Mais étant donné que l'affirmation d'Assange correspond à la position de Trump, qui s'est toujours montré sceptique vis-à-vis des accusations de hacking russe, Hannity ne l'a pas remise en question. Pourtant, comme le souligne le New York Times, Assange a souvent admis qu'il ne connaissait pas toujours l'identité de ses sources:

«Il est fort peu probable que quelqu'un qui approcherait WikiLeaks avec des e-mails obtenus par du hacking commandité par le gouvernement russe mentionnerait quelle est sa source. Il est donc probable que M. Assange ne puisse être certain de l'origine de ces e-mails.».

Ces huit dernières années, Hannity s'est distingué par ses émissions insinuant que le président américain était un musulman né au Kenya, et il a été ravi d'entendre Assange le critiquer. Pour le fondateur de WikiLeaks, l'actuel gouvernement est en train «d'essayer de délégitimer l'administration Trump avant son arrivée à la Maison-Blanche». 

Après la diffusion de l'interview, Hannity a tweeté une question rhétorique:

«Question du jour: Qui croyez-vous? Julian Assange ou Président Obama et Hillary Clinton?»

Méfiance dans les rangs

Il a posé la question le 3 janvier à 22h59 et le 4 janvier à 6h22 du matin, Donald Trump a semblé y répondre sur Twitter, en choisissant Assange:

«Julian Assange a dit "un jeune de 14 ans aurait pu hacker Podesta" –pourquoi le Comité national démocrate a-t-il été si négligent?
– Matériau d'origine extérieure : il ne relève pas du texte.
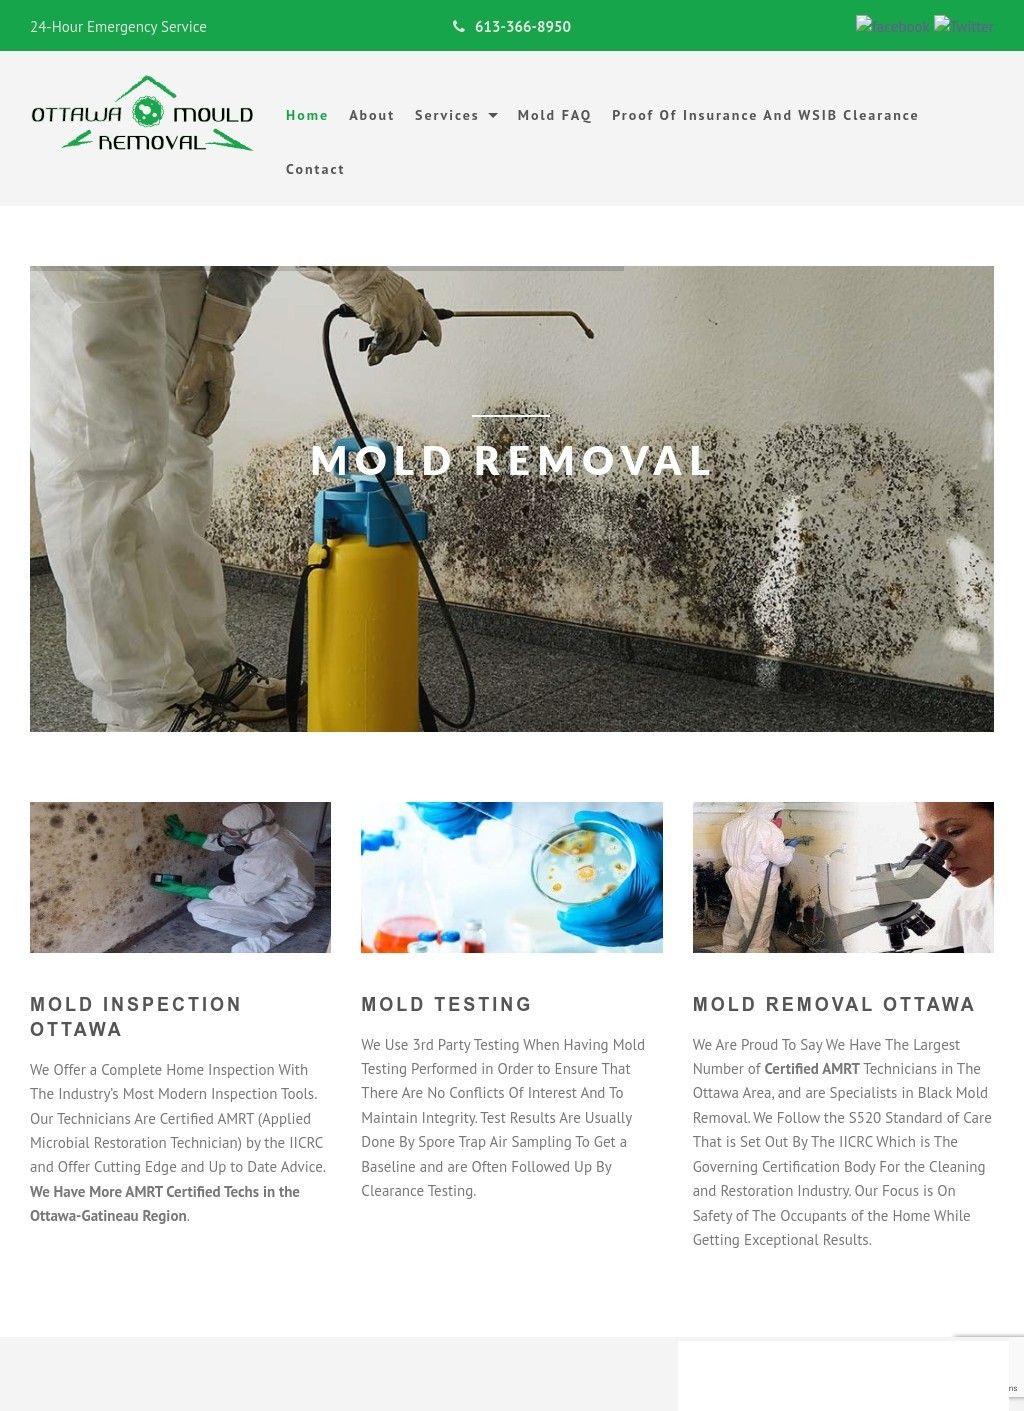 Mold Removal Services Ottawa

Il a aussi dit que les Russes ne lui avaient pas donné l'info!»

Sur la Russie, Trump semble donc faire plus confiance à Assange qu'aux renseignements américains.
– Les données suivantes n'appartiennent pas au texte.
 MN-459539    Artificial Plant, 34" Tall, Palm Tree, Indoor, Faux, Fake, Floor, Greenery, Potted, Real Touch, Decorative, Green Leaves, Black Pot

Comme l'a noté le journaliste Neil King sur Twitter, l'élection de Trump et les accusations de hacking russe ont créé un étrange renversement: les démocrates soutiennent les conclusions de la CIA alors que la future administration républicaine préfère Assange, jadis célébré par la gauche et l'extrême gauche.

Ceci dit, tous les Républicains ne suivent pas la ligne pro-russe et pro-Assange de Trump. Peu après le tweet de Trump, le président de la Chambre des représentants, Paul Ryan, a qualifié Assange de «courtisan de la Russie», et le sénateur Lindsey Graham a dit que le commentaire de Trump sur Assange était «très inquiétant».